Morale at ‘all time low’

Leading social workers and mental health campaigners said the funding crisis needs to be addressed.

Faye Wilson, chair of the British Association of Social Workers’ mental health forum, told Community Care that staff morale in many community mental health and crisis teams is “at an all-time low”.

“Staff want to give a good service but in many teams they are not getting the resources they need to do their jobs. They also feel that if anything goes wrong, they’ll be hung out to dry. So you end up with a defensive rather than a defensible system,” she said.

Ruth Allen, chair of The College of Social Work’s mental health faculty, said:”If the government is serious about parity of esteem for mental health – and I believe the care services minister certainly is – it is vital the impact of changes to funding across mental health, and the knock on impact of reductions elsewhere including social care, are recognised and acted upon.”

Dinesh Bhugra, ex-chair of the Royal College of Psychiatrists, said: “We have warned before that the economic downturn will increase demand.
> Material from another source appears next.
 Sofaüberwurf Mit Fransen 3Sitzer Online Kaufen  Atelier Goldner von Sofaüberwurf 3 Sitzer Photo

To have resources cut further at the time when we need them most is stigmatising to people with mental illness.”

Mind’s Paul Farmer said:”Mind hears all the time from people who have lost the community health care that was helping them to cope and who now find themselves unable to get through to their local crisis team, or feel ‘fobbed off’ when they do, because there simply aren’t enough staff to cope with the numbers of people in desperate need of their help.”

That’s certainly the experience of Emma Bardney. She suffers from complex post traumatic stress disorder but says she’s been failed by her mental health trust.
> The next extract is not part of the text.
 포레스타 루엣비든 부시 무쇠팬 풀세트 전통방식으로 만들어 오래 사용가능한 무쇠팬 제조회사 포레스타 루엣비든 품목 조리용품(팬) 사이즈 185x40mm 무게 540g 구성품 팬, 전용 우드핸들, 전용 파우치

“Its been really tough…fighting for the right to get better,” said the 42-year-old paramedic. “There’s been no community mental health support available to me. So my care plan has been sporadic out-patients with a consultant or crisis support and nothing in-between and the only way you can access support is when you are in crisis. So you have to get to a very low point before you get any type of support or help.”

Frontline staff are feeling the pressure too. One social worker based in a crisis resolution team said her team was “firefighting” due to an “abysmal” shortage of resources.

She said: “We are having to manage a caseload of very unwell clients without the support to do so. Because of sickness rates at our community teams, people are not being seen by their care coordinators and they end up coming to us at a point when the only option is hospital admission.

“Yet there are no beds locally so our crisis team staff are spending all nights at a client’s home waiting for transport to an out-of-area bed meaning that they can provide no service for other emergencies. The stress is overwhelming.”